> **Supplied entries**
[Start of section]

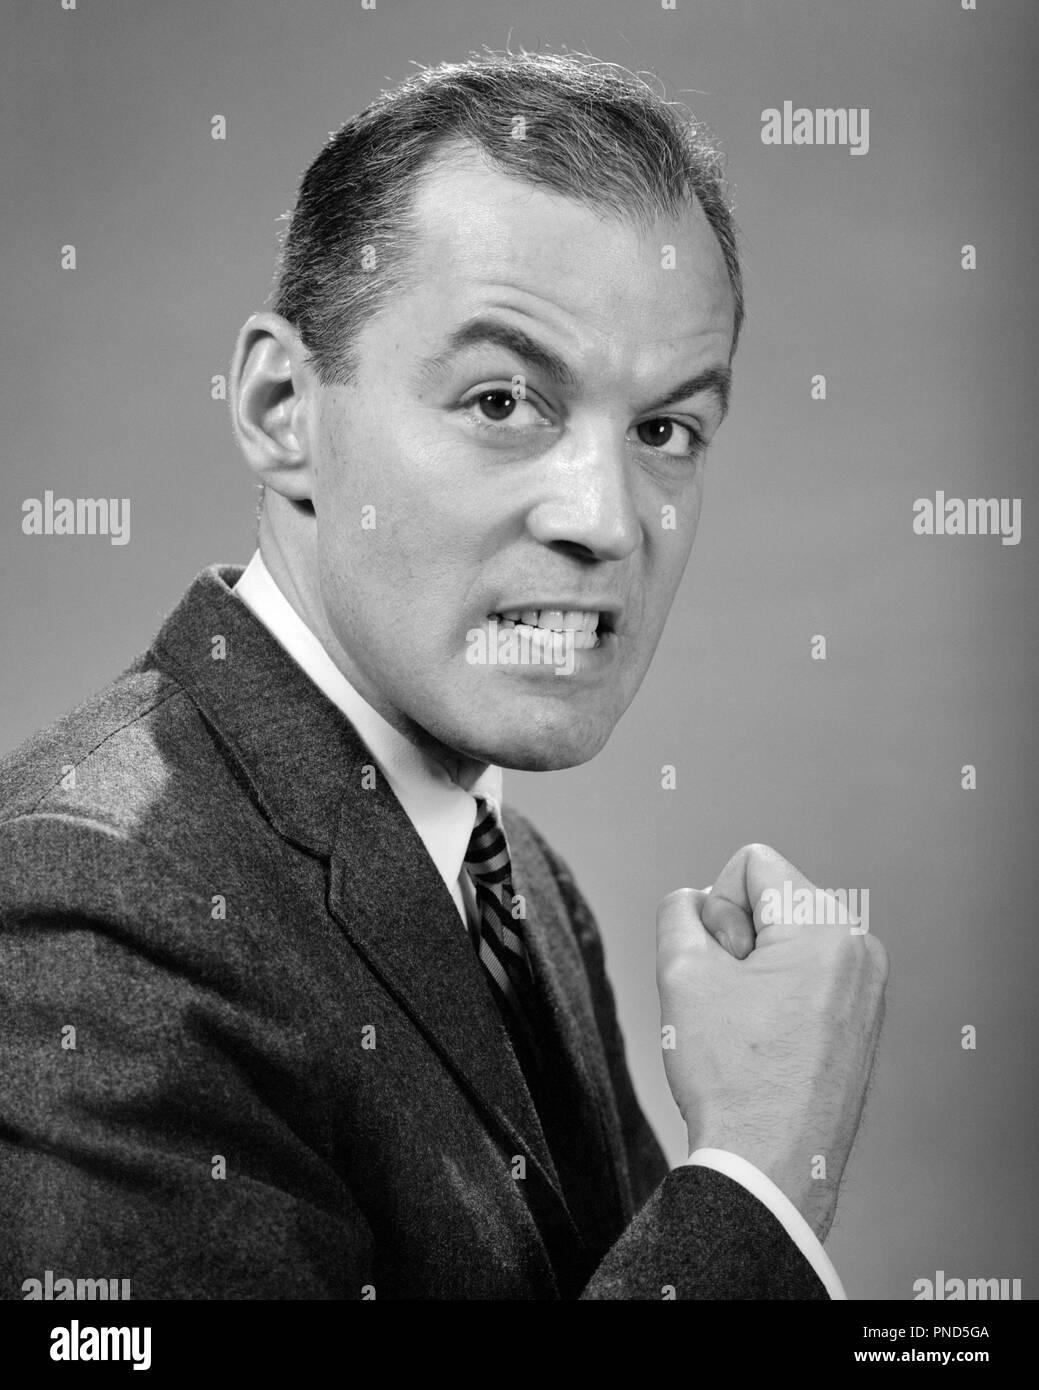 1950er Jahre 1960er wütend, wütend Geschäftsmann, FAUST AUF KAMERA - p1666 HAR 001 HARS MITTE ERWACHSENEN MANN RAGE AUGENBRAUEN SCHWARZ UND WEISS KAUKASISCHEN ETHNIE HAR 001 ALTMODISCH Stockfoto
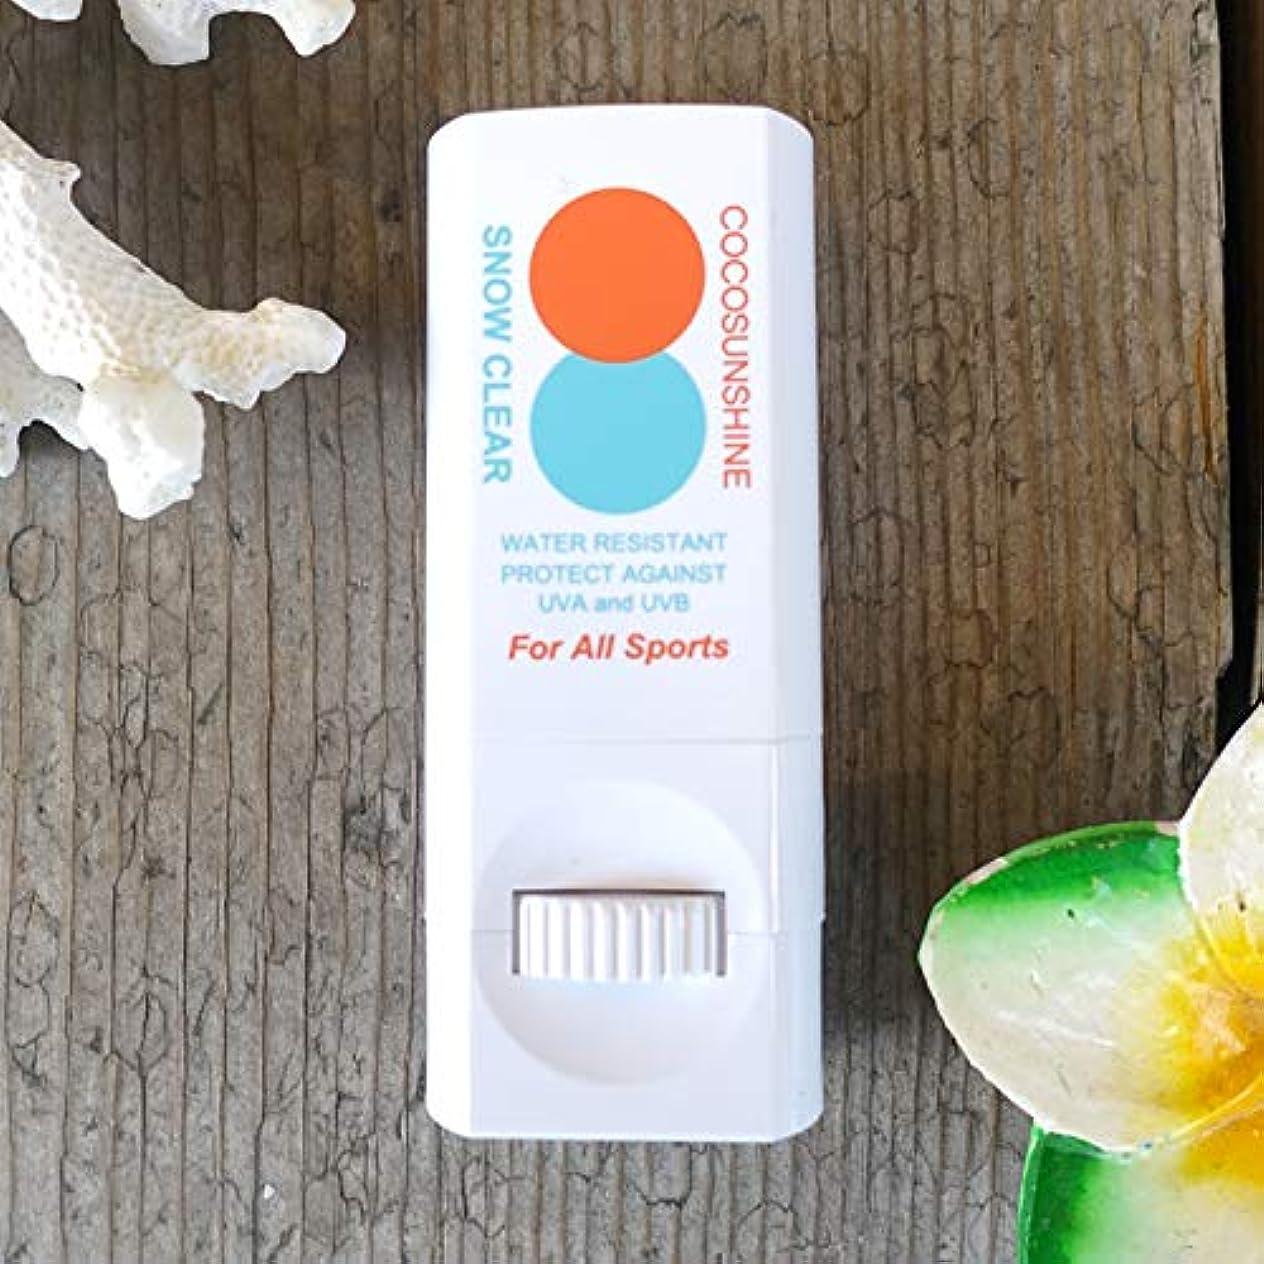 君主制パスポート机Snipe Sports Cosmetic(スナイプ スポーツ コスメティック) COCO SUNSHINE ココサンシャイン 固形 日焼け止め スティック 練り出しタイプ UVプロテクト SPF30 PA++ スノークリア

[End of section]
[Start of section]

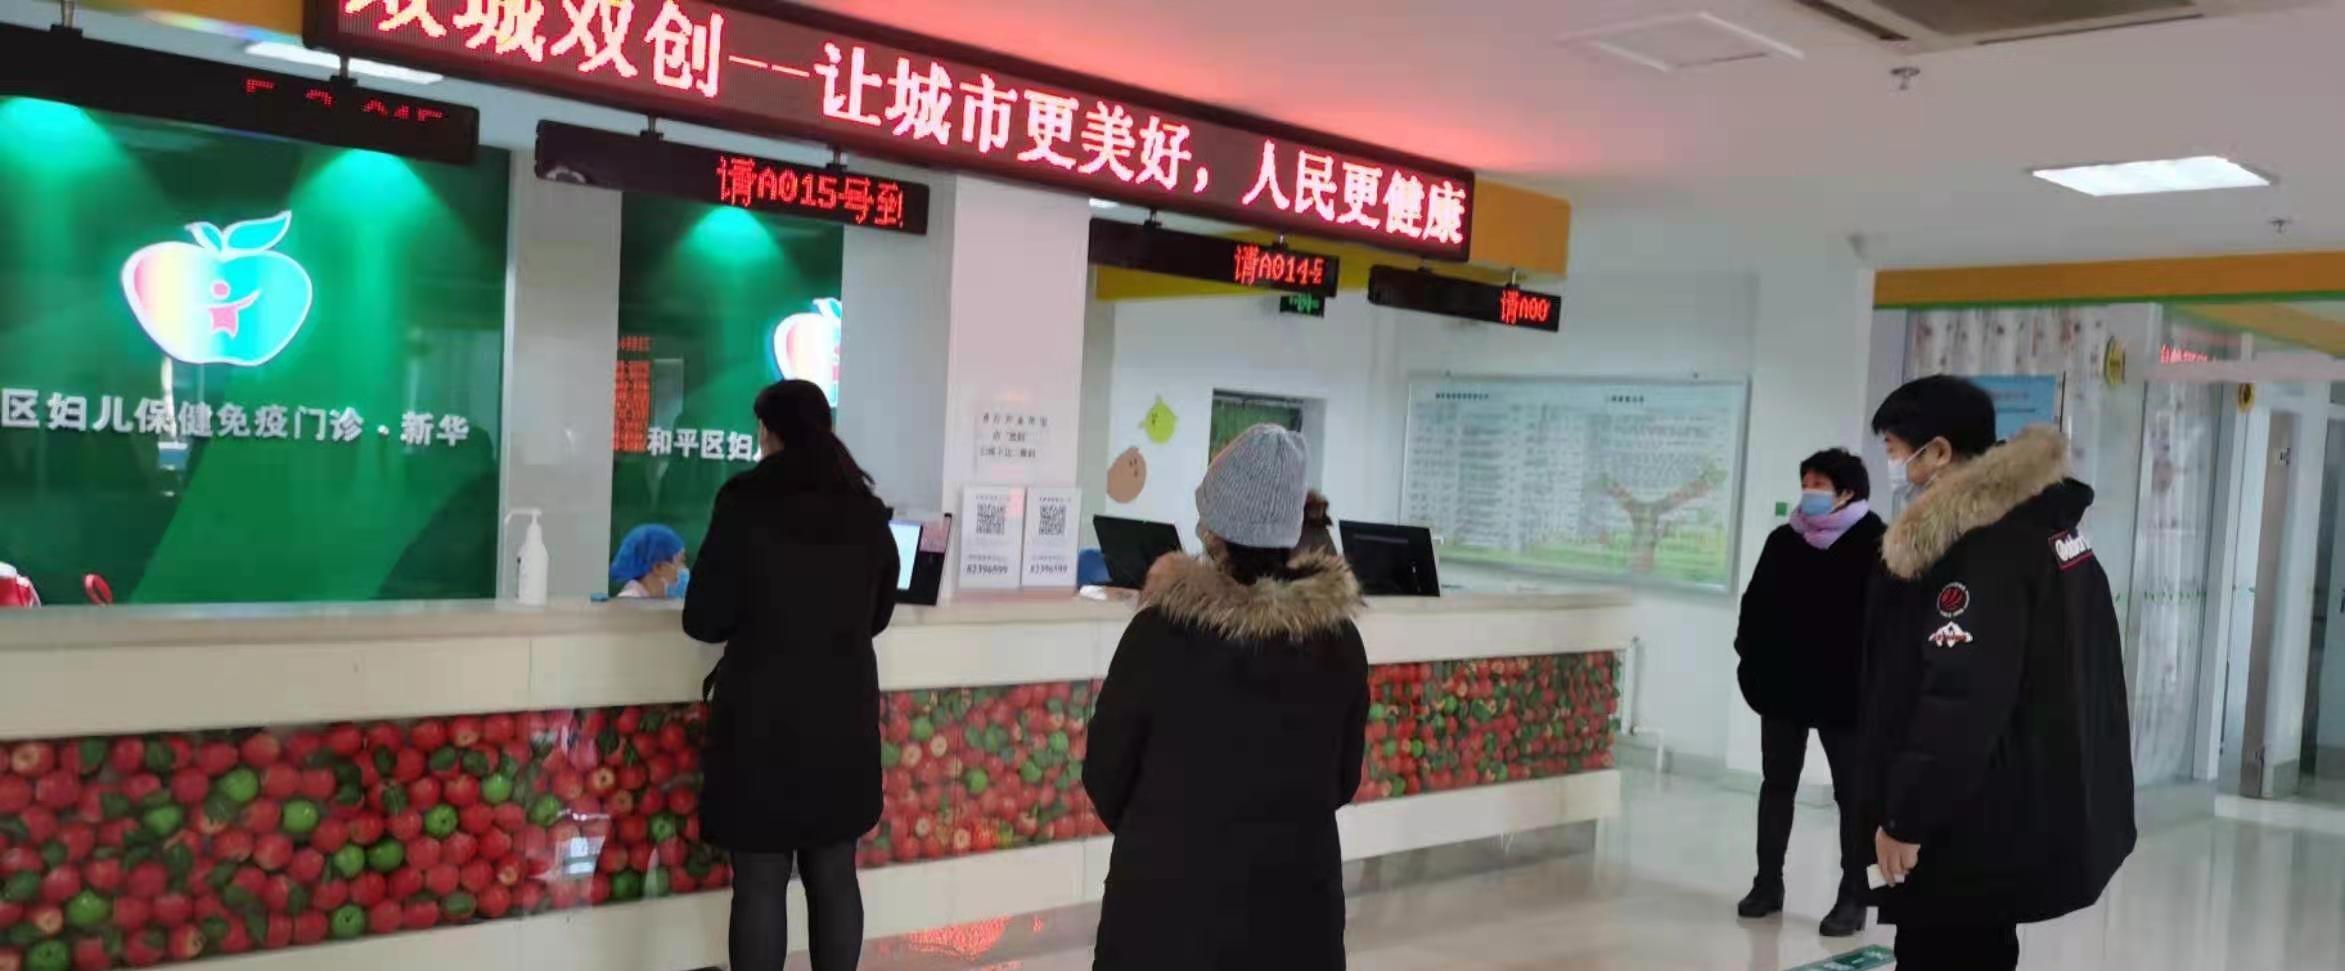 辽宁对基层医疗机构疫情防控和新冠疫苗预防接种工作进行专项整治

[End of section]

Retype, exactly and with no pictures, everything above from the line with "1950er Jahre 1960er" down to the line with "君主制パスポート机Snipe Sports Cosmetic(スナイプ", both included.

> **Final answer**
 1950er Jahre 1960er wütend, wütend Geschäftsmann, FAUST AUF KAMERA - p1666 HAR 001 HARS MITTE ERWACHSENEN MANN RAGE AUGENBRAUEN SCHWARZ UND WEISS KAUKASISCHEN ETHNIE HAR 001 ALTMODISCH Stockfoto
 君主制パスポート机Snipe Sports Cosmetic(スナイプ スポーツ コスメティック) COCO SUNSHINE ココサンシャイン 固形 日焼け止め スティック 練り出しタイプ UVプロテクト SPF30 PA++ スノークリア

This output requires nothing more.